Over the Holidays, Congress Gave the Military an $860 Billion Budgetary Gift
At the end of last year, Joe Biden signed a $1.7 trillion budget bill that gives $1.1 trillion to the Pentagon, police, and prisons, including a whopping $860 billion for the military alone. So much for Build Back Better.

Members of the US army training in Adazi, Latvia, March 2022. (Paulius Peleckis / Getty Images)
Despite its $1.7 trillion price tag — including a whopping $860 billion earmarked for the military — the omnibus budget bill enacted late last month has not received the scrutiny it deserves.

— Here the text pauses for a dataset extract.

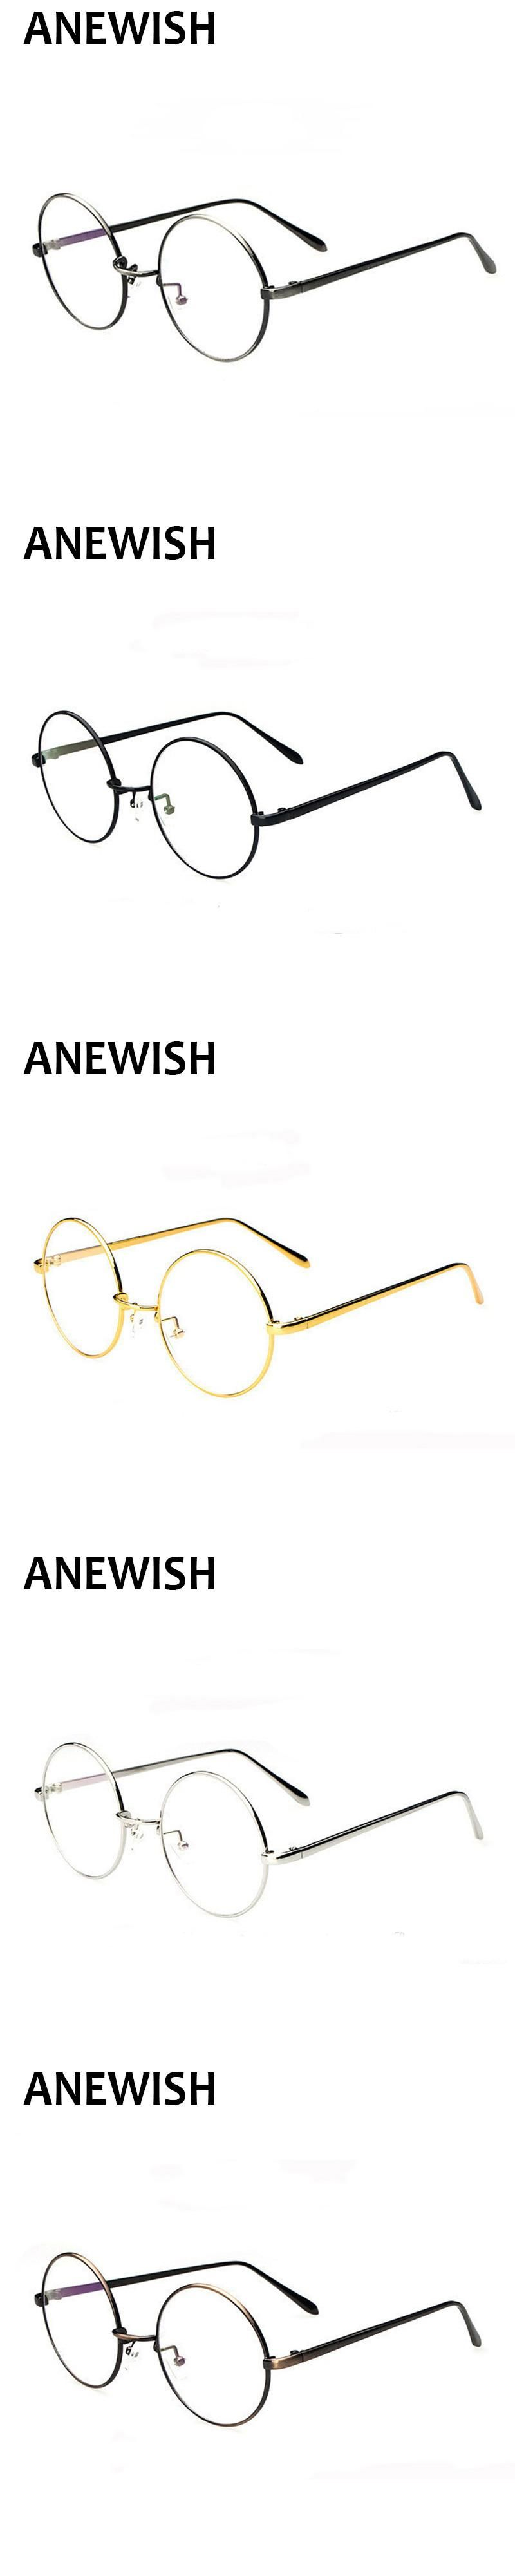 72aca140947 Eyewear Women Men Fashion Ultra Light Brand Designer Big Round Metal  Glasses Frame Retro Oculos De
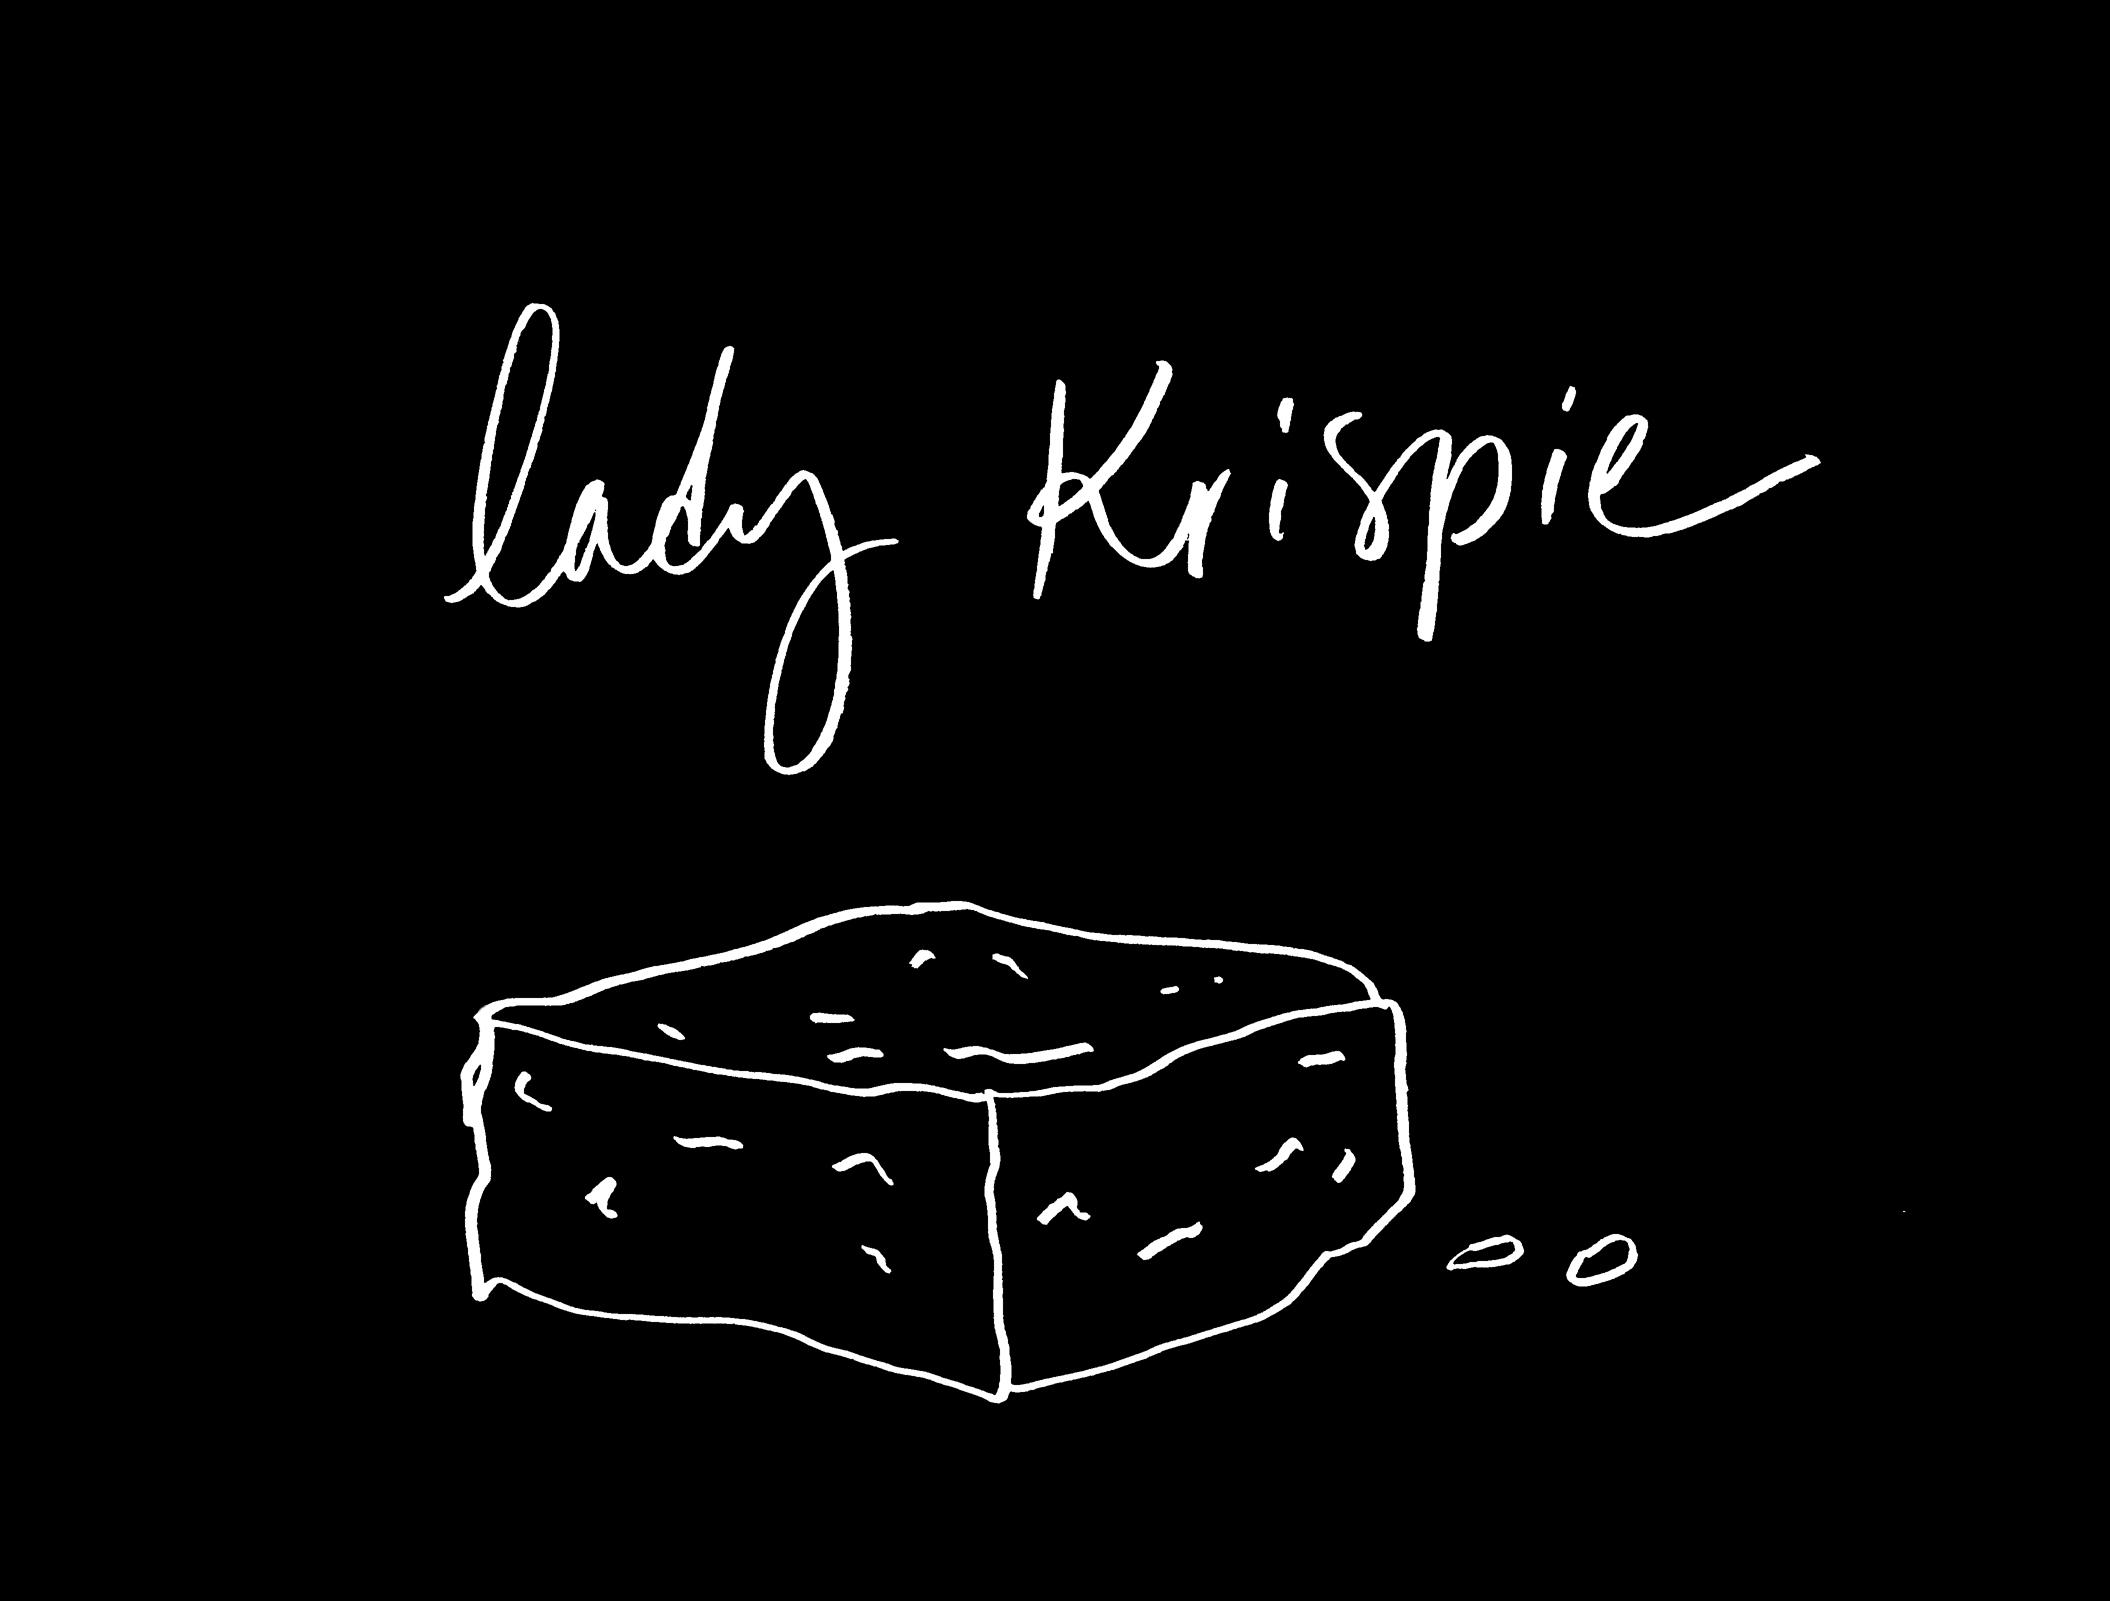 ladykrispie_invert.jpg

One reason is there wasn’t much time to examine the bill’s contents. The legislation is made up of twelve “regular” and two supplemental appropriations bills that fund federal activities for the rest of fiscal year 2023. Democratic and Republican leaders unveiled the bill’s four-thousand-plus pages on December 19 — giving the measure just eleven days to be debated, amended, passed, and signed into law to prevent a government shutdown. It was a legislative fire drill.
Another factor was that criticism of the bill overwhelmingly came from the Right. Alexandria Ocasio-Cortez was the only lawmaker in the Democratic caucus — in either the House or Senate — to vote against it. There should have been many more.